Я кивнул. Да, много лет. Я даже уже начал давать сольные концерты. В маленьком городке, где мы жили, не было большого простора для этой деятельности, так что я давал еще и домашние уроки, стараясь накопить денег, чтобы перебраться в большой город.

– А что случилось?

– Другими словами, почему же я оказался тут? Я попал в аварию… И повредил руки.

С жестокой прагматичностью ребенка ты поглядела на меня и сказала:

– Но вы же можете рисовать.

Я ответил, что только это теперь и могу.

– О, – произнесла ты и ушла. Может быть, мне не нужно было быть таким честным. Ты все же ребенок. С ограниченной возможностью понимания. На что я, собственно, рассчитывал? Симпатия? Сочувствие?

Я сидел один в классе, почему-то чувствуя себя дураком.

Ты не пришла на следующий урок. И на следующий за ним тоже.

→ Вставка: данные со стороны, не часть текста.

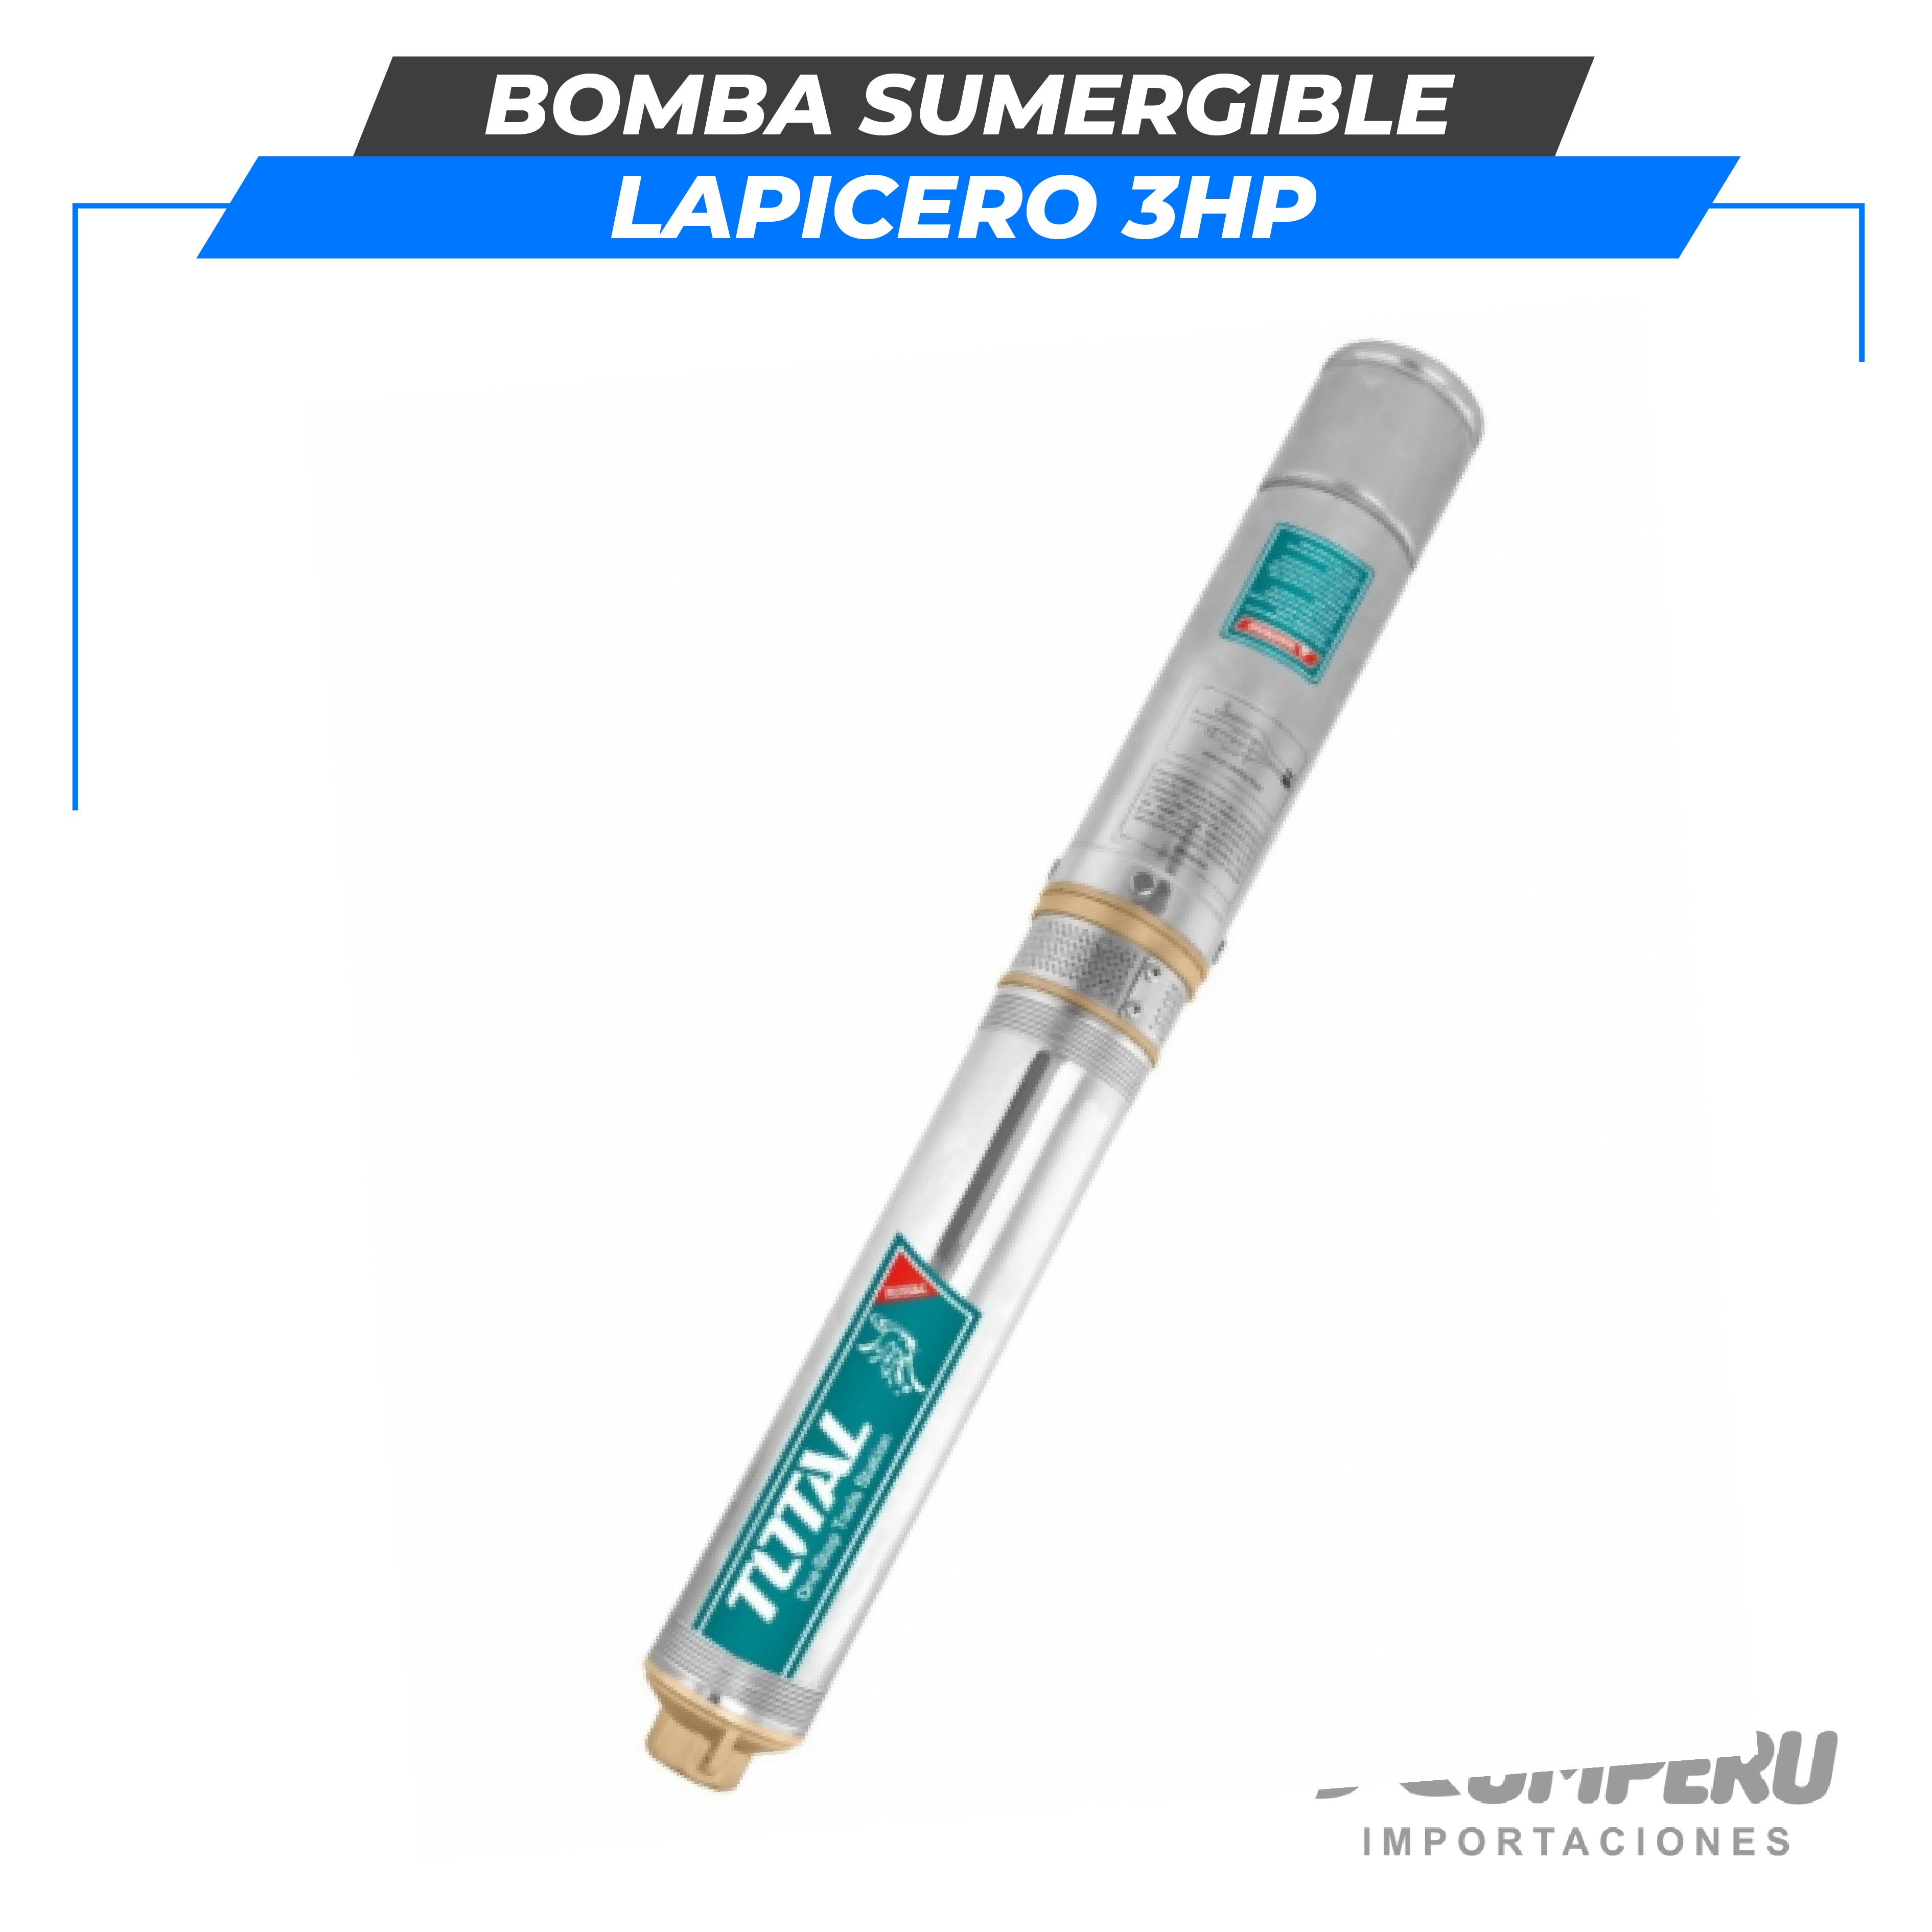 Bomba sumergible lapicero 3HP
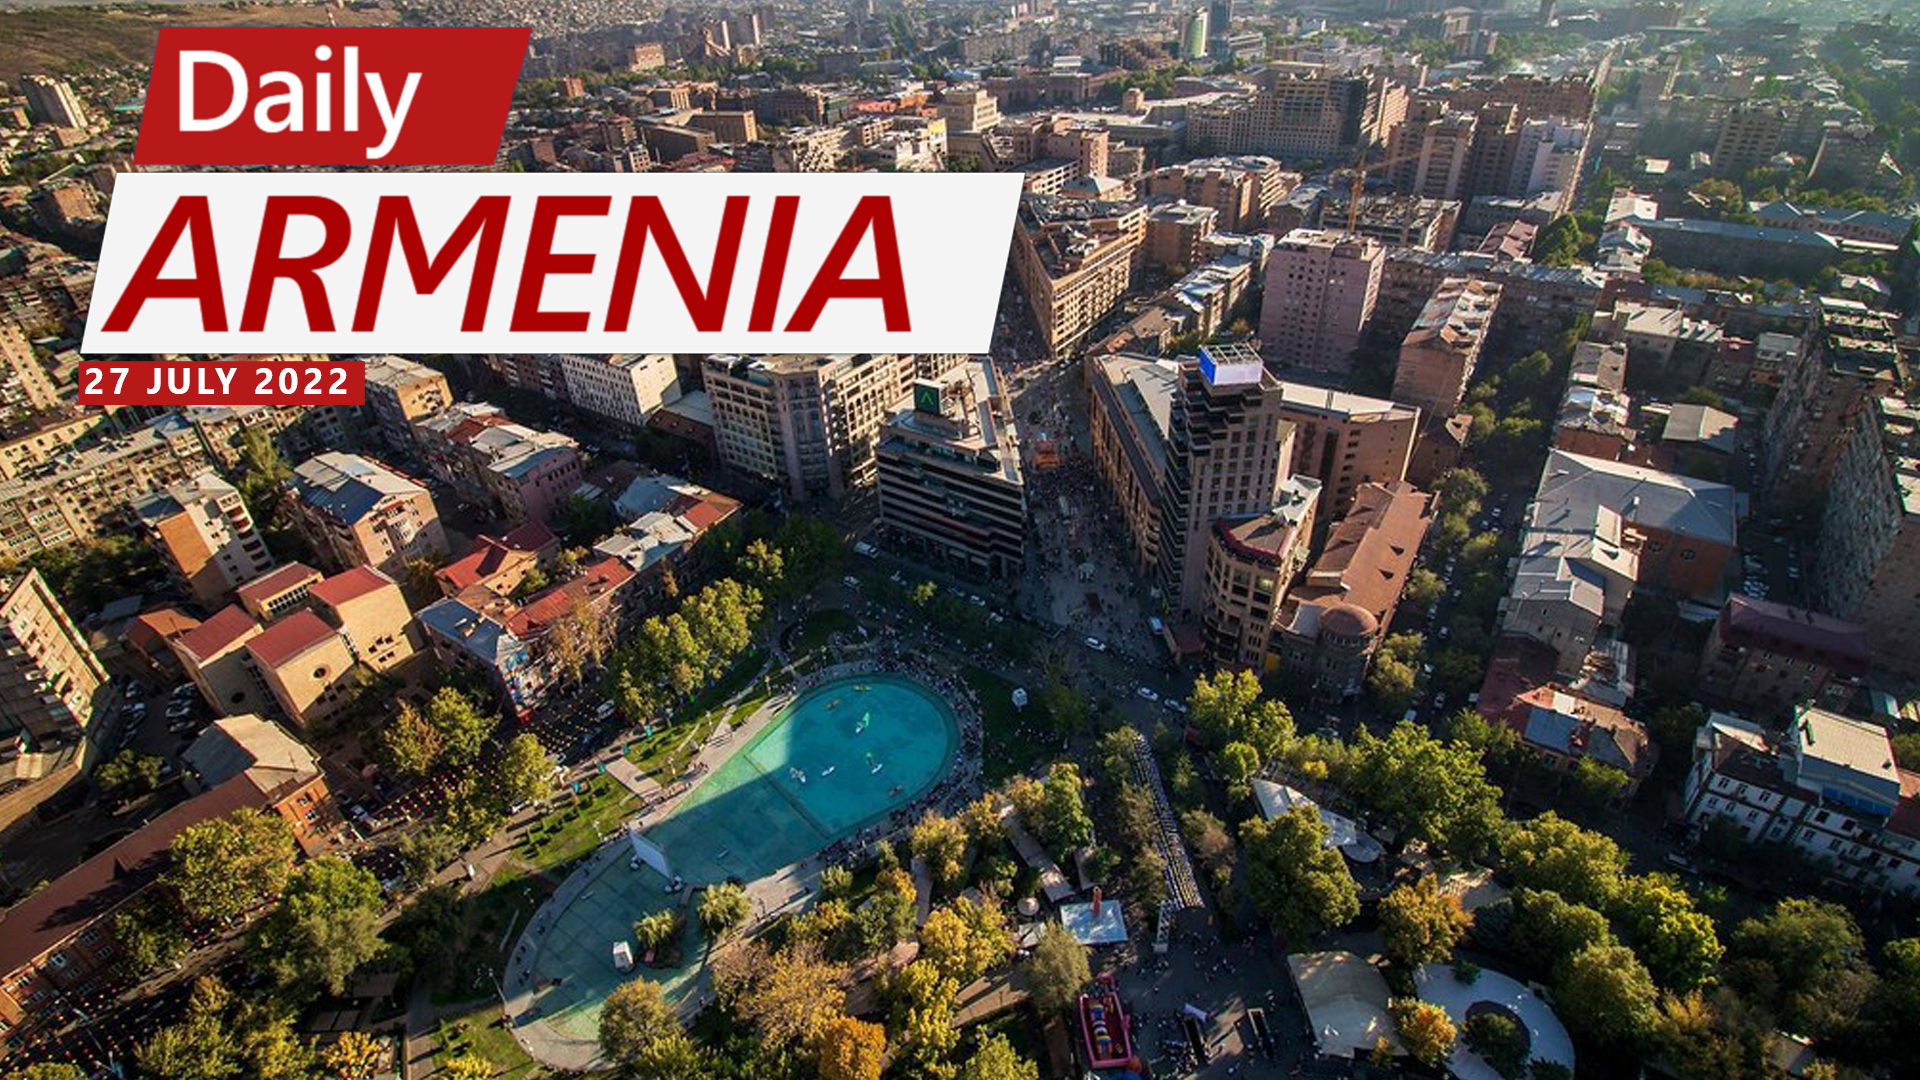 Property prices in Armenia skyrocket

Хоть я и делал вид, что мне все равно, я был обеспокоен. Что случилось, спросил я у других, почему тебя нет? Кажется, легочная инфекция. Ну, та, от которой кашель и высокая температура. Я боролся с собой, желая послать тебе пожелания выздоровления и одновременно сохранить дистанцию. Я знал, что одноклассники пишут тебе открытки, но не подписал ни одной из них и не написал ничего от себя лично. Через десять дней ты вернулась, бледная, ослабевшая, все еще кашляющая. Ты сильно похудела. Я сделал тебе маленький цветок из глины, раскрасил его в красный цвет и оставил на твоей парте. Я делал это для всех учеников, которые болели. В конце урока ты поблагодарила меня, но не задержалась в классе, как обычно. Почему-то я расстроился.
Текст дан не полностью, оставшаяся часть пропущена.